Of course there are a lot more issues to be solved but don’t want to discourage you too much.

ARKit (and probably ARCore) have been doing a great job at creating a very good tracking engine on a very few select range of phones. So I see big potential for a pose tracker that at least works really well for the functionality it has on the lower to mid end Android phones.

If you need help please don’t hesitate, just ask :slight_smile:

Maarten

Hi Maarten!

The algorithm is a little bit different than usual and is not working in ways that find shapes and apply a combination of CV filters, but just one very tricky first pass that scans the whole frame and a second pass that collects the data. These can run in every frame or in some of the frames. There is no different engines for finding the markers and to track them - there is only one tracking engine that is low-latency and should work immediately.

It is originally designed to track a lot of 2D markers with fast speed and very low time to start the tracking. It is up to the user to decide whatever they do with the results of this. If you want to have vuforia-like experience and add the 3D pose tracking, then you need to use more than one of these small markers and triangulate. If you do not need a small marker to anchor the objects, but for example you want to measure the exact location of the viewer in a hall, then you better not do it like a vuforia marker, but use as many 2D markers in patterns as you want to and not only know where you are, but maybe even map walls around you by knowing what patterns you are expecting.

I am not sure yet how much information you can code into the marker itself, but it seems to be really limited with my current approach. When more information is needed, you combine more than one markers - but the markers I am talking about here, look very simple and should work even when they are small.

Strengths:

  • Scales well for a lot of markers and I am not talking about tracking 10 of them simultanously, but much more :wink:
  • There is no different recognizer and tracker. The tracker also recognizes and it has very low (close to zero) latency between first seeing the marker and starting to track it.
  • The markers are really simple-looking, should be easy to track well with good quality
  • Low resources are needed because of simple and low level operations, few passes and good asymptotic runtime.
  • Scales well for tracking whole walls and maybe movements in a big (more than one room) environment should be possible.

Weaknesses:

  • For encoding data in a tracked pose usually more than one marker is needed
  • For pose estimation more than one marker is needed + geometry calculations
  • I was not doing any lens distortion handling yet - methods should be added from open source things like ARToolkit5 or something. I think this must be some fast or constant-time operation maybe when done well, but I have never tried it…
  • It is not done yet :smiley: I think this is the worst of the weaknesses as most of the information provided here are just speculations out from my head about how it will work.

I hope I can answer some of your questions with this. Could you tell me (and possibly others) what kind of native support we could get? It would be awsome to start experimenting and stuff.

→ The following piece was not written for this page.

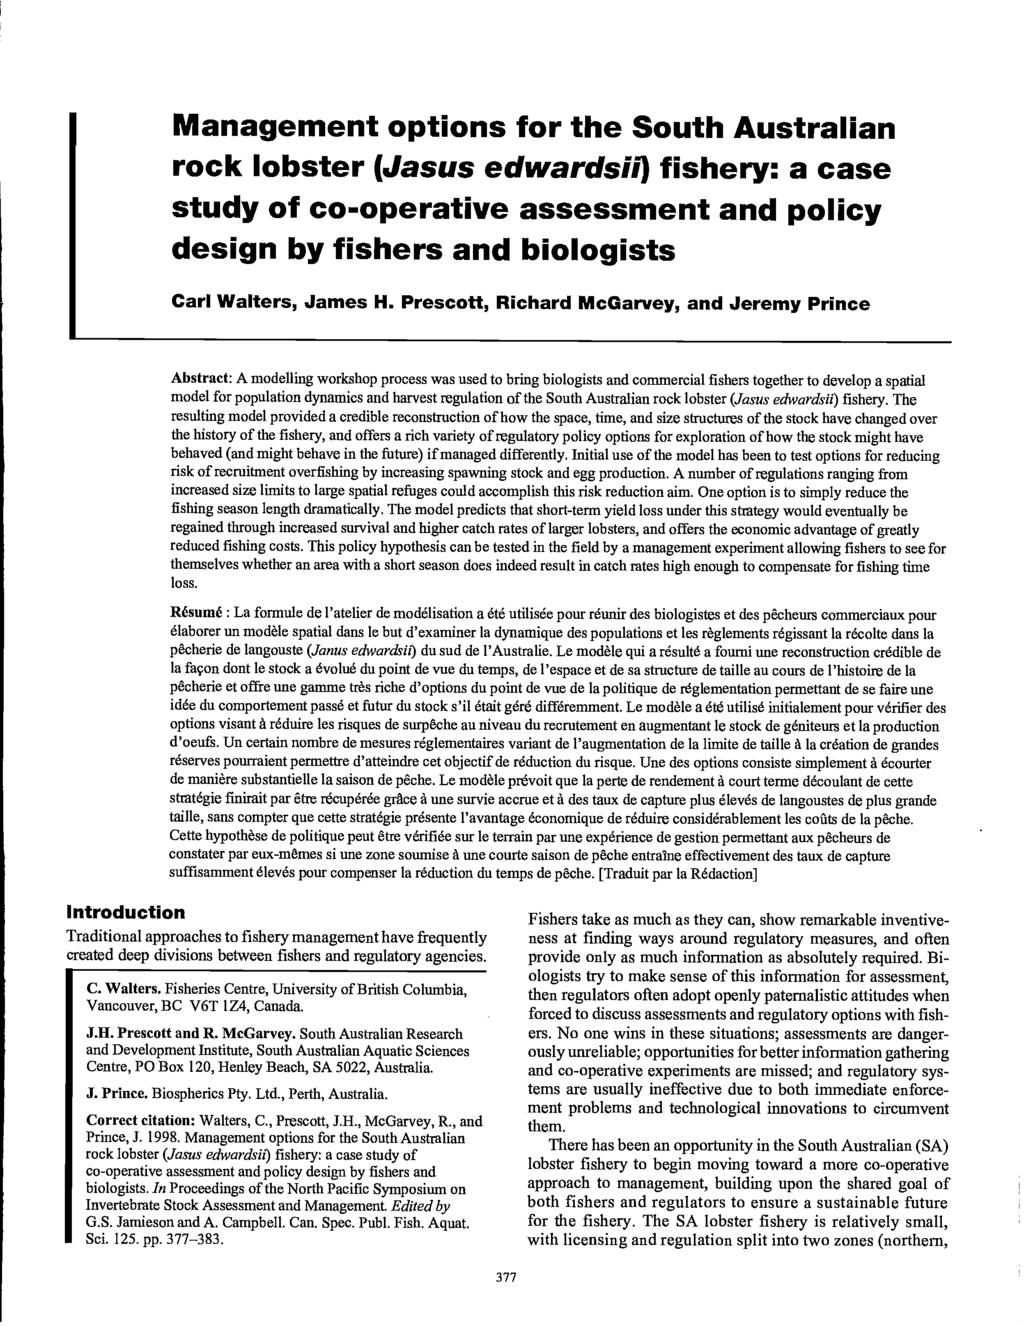 Management options for the South Australian rok lobster (Jasus edwardsii) fishery: a ase study of o-operative assessment and poliy design by fishers and biologists Carl Walters, James H.

PS.: And one more weakness is that it is not an NFT tracker. It strictly tracks special markers and is not able to learn to track features of an image or brossure. If you want to apply it on a brocchure then you put the ad contents like photos and text in the middle and the small 3-4 markers all around that business content on the sides of the paper for the pose tracking. Also the virtual-button like thing you might know from vuforia can work only with the special markers if that needs to be done but I was not having that function in so much focus actually. Surely it can be done though if that is needed.

I know that it seems there are a lot of constraints, but they are needed to make the stuff fast.

PS.: And one more strength however is that I try to make this as stand-alone as it can be. I hate when I need to add a whole OpenCV subsystem and compile a lot of customized computer vision libraries just to use a simple tracker sometimes. I have been working with vuforia and ARTK5 though and I think both of them have even hand-made assembly optimizations for ARM so to make them faster just I think it is not the details, but the algorithm that can be changed as both do a lot of things under the cover and it is no wonder that they need a strong phone or otherwise eat most of the resources.